Hello. I'm No Tuggeun, and besides this blog, I run various other sites. I host everything—my company homepage, personal blog, and even WordPress sites I've built for clients—on a single AWS Lightsail instance.
Running everything on a single instance keeps costs low,
However, there's a downside. Whether it's a dynamic site or static pages, having everything on one server… what happens when traffic spikes? The entire setup can go down. (If one static site goes down, it takes down the company homepage and all the outsourced sites I host.)

That's why I regularly check server traffic and spend time blocking "malicious bots."
For WordPress, to prevent server traffic issues, you can achieve relatively stable server operation by combining two basic settings: Wordfence plugin configuration + robots.txt malicious bot blocking.
This article covers robots.txt and shares the optimized robots.txt file I've developed through experience.
What is robots.txt? (Concept Overview)
robots.txt is a communication file for robots. It communicates with
search engines and AI robots (crawlers). Crawlers (robots) are programs like Google, Naver, and GPT that scan websites.
The robots.txt file uses code to distinguish between information we want shared and information we don't want shared, telling them what to crawl and what not to crawl.
-
Example:
- To have your homepage appear in Google search results 👉 Robots must be able to read your content
- But what if they crawl login pages or admin screens? ❌ That's risky, so we must tell them not to crawl it.
So we use a file called robots.txt to tell them, "You can crawl this / Don't crawl this."
-
❌ What if there's no robots.txt?
- Wasted site traffic + security risk
- Most bots crawl every page by default
- Malicious bots can scrape and scan admin pages too
robots.txt Where should the file be located?
robots.txt The file must always be in the domain root directory.
https://내사이트주소.com/robots.txt
Accessing the above address allows both bots and humans to view the robots.txt file.

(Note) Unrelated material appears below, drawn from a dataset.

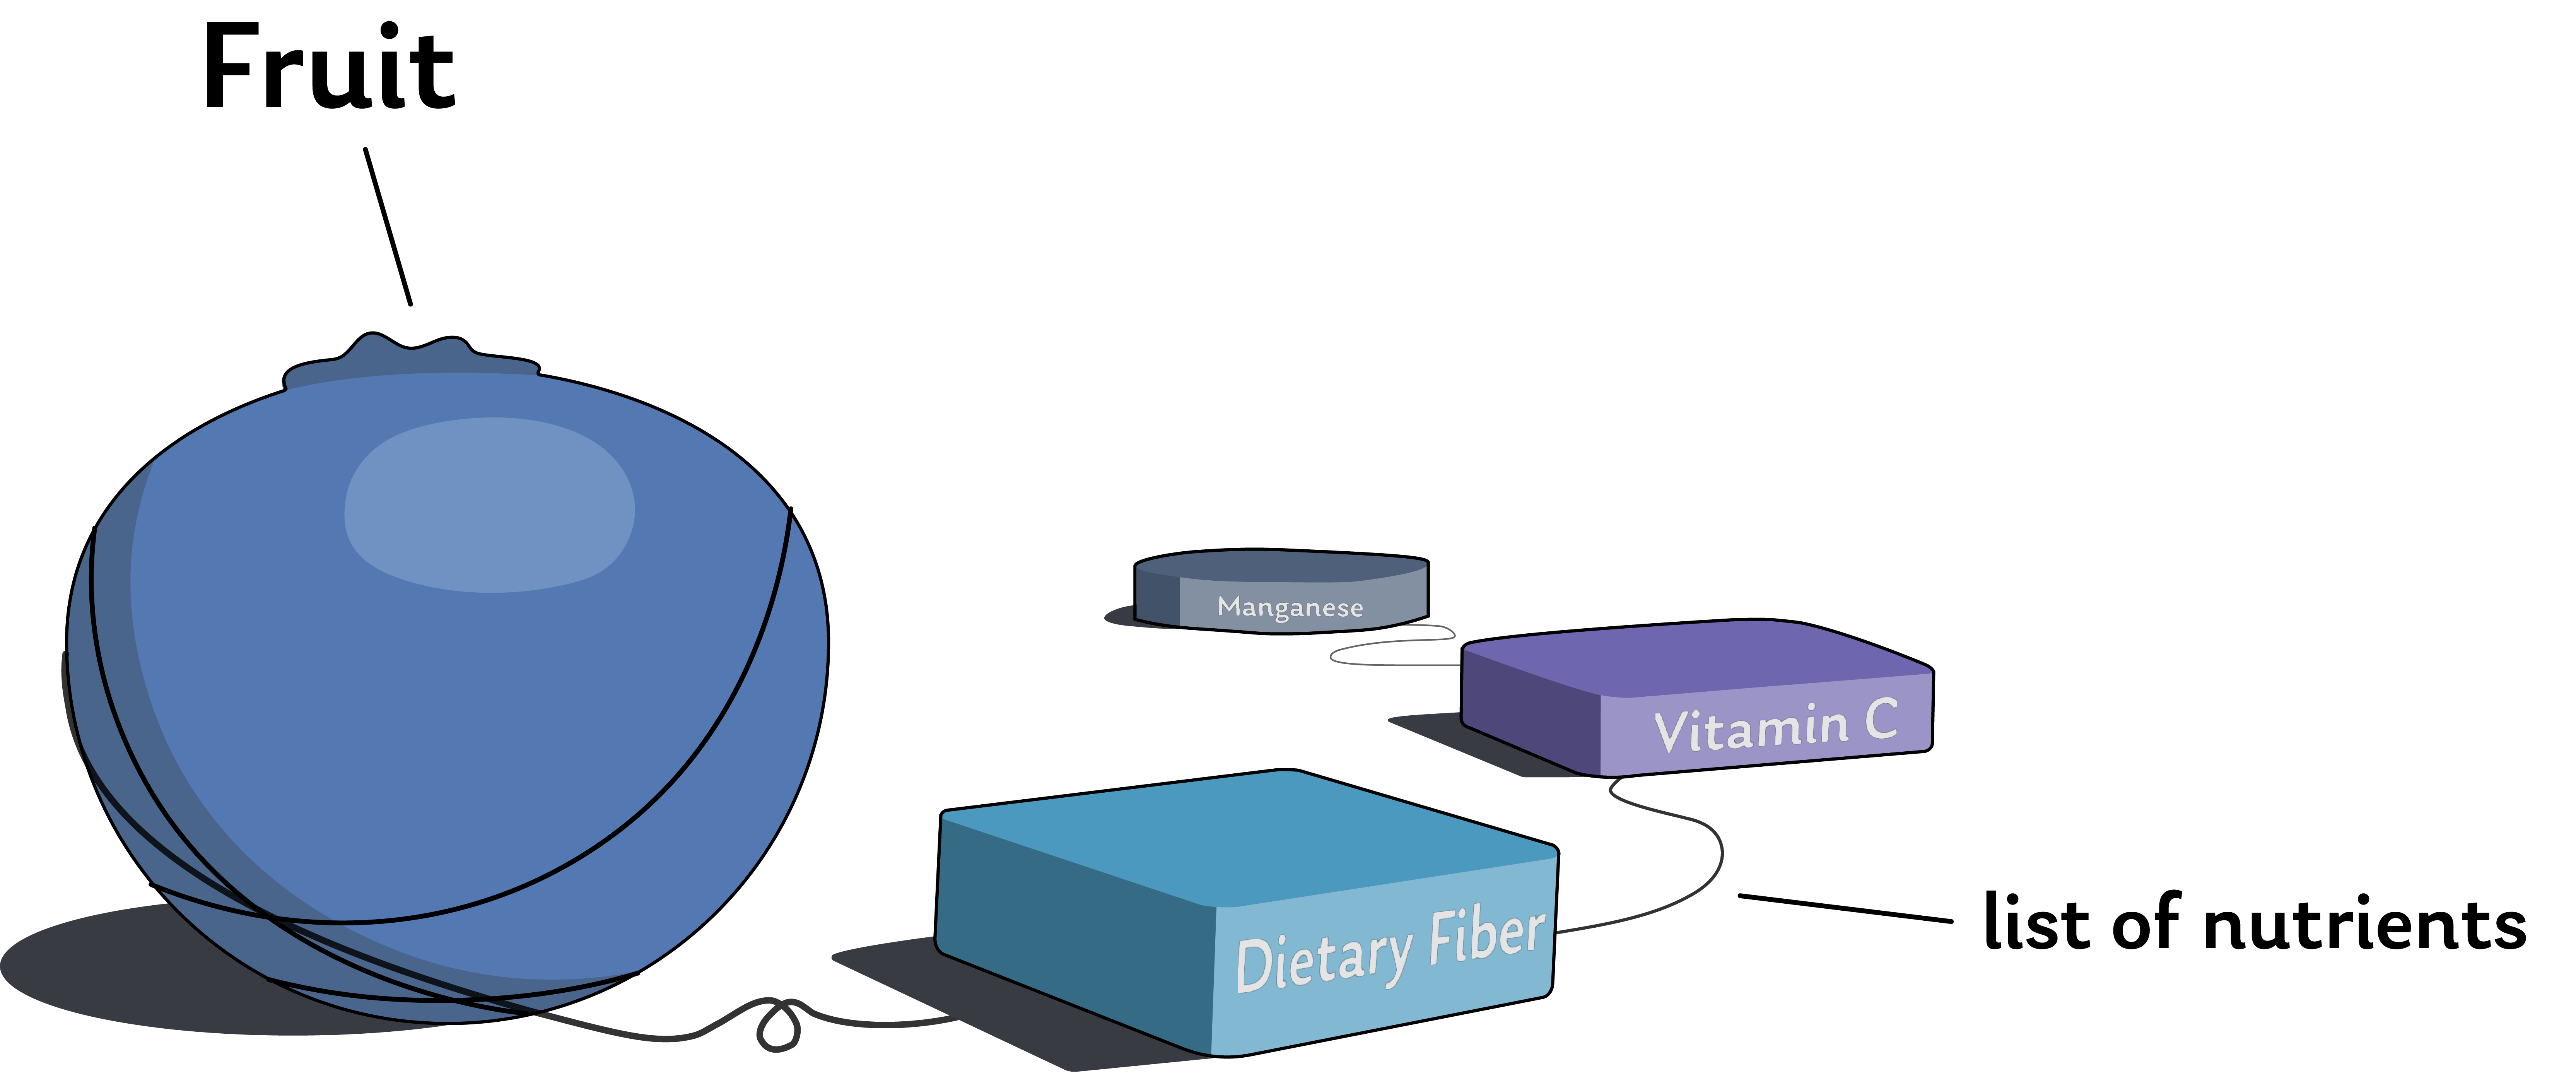 A list of nutrients, ("Dietary Fiber", "Vitamin C", "Manganese") strung out behind the blueberry they relate to.

robots.txt Basic Syntax Reference Table
| Syntax | Meaning | Example | Description |
|---|---|---|---|
User-agent: | Specifies target robots | User-agent: * | Applies to all robots (crawlers) (Googlebot, Bingbot, etc.) |
Disallow: | Set paths to block | Disallow: /private/ | Prevent robots (crawlers) from scraping the specified path |
Allow: | Set paths to allow access | Allow: /public/ | Allow robots (crawlers) to crawl these paths |
Sitemap: | Specify sitemap location | Sitemap: https://example.com/sitemap.xml | Guides site structure to aid search engine optimization |
- User-agent: Specifies who the
instruction is for. Example:*= All,Googlebot= Google only - Disallow: Don't look
here Example:/public - Allow: You can see this
. Example:/wp-admin/admin-ajax.php - sitemap: The site structure is here. Used to tell
search engines about the sitemap
"User-agent:"
This syntax tells you "who it's talking to." For example, User-agent: *If you write it like this, it applies to all bots, whether Googlebot or Naverbot. If you want to
tell only a specific bot, User-agent: Googlebot Write it like this:
"Disallow:"
This is a command prohibiting access: "Do not look at this path!" For example, Disallow: /private/ If you write `/index.html`, the robot will not read the content below. example.com/private/ will not read the content below.
"Allow:"
Conversely, this is permission saying "You can crawl here!" It's mainly used Disallow:" when you block everything and only open exceptions within it.
"Sitemap:" It tells
search engines, "Here's the map of our house!" Having a sitemap file helps search engines understand your site better and expose it more.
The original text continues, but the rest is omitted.